In cases of chronic hepatitis caused by copper accumulation in the liver, chelation therapy is necessary. Copper chelators, such as D-penicillamine, bind free copper and promote its excretion in the urine through the kidneys. As mentioned earlier, antioxidant therapy plays a vital role in treating most forms of chronic hepatitis by preventing liver oxidative damage. The primary antioxidants used in liver disease treatment include vitamin C, vitamin E, silymarin (the active ingredient from the fruit of milk thistle), and S-adenosyl-L-methionine (SAMe). Additionally, UDCA itself has antioxidant properties.

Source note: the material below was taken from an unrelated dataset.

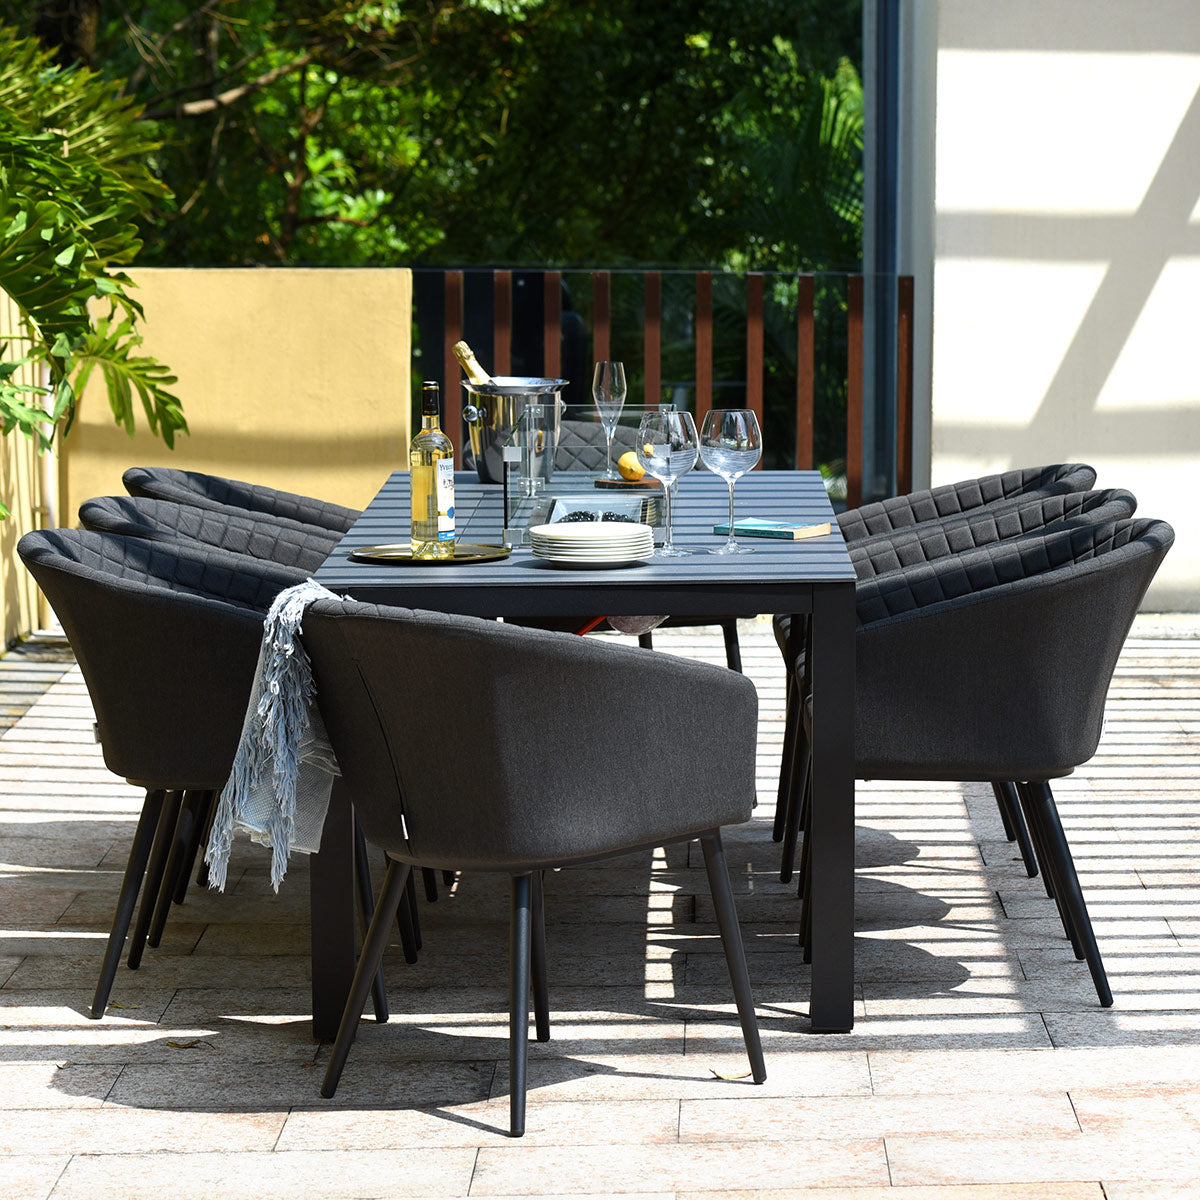 Maze - Outdoor Fabric Ambition 8 Seat Rectangular Dining Set with Fire Pit Table - Charcoal

Dietary management is also crucial in treating chronic hepatitis. For instance, a low-sodium diet can help control ascites, while a low-copper diet is recommended for copper-associated hepatitis. A diet with reduced aromatic amino acids and supplemented with lactulose and soluble fiber may aid in managing hepatic encephalopathy. Commercial diets specifically formulated to support liver function are available and provide the proper energy content, reduce aromatic amino acids, and contain low levels of copper and sodium, as well as sufficient soluble fiber.
To sum up, there is no universal therapy for chronic hepatitis in dogs. Treatment must be tailored to the underlying cause of the liver inflammation and adjusted according to each individual patient’s needs. The key to successful treatment is early intervention, which can prevent total liver dysfunction and its life-threatening consequences.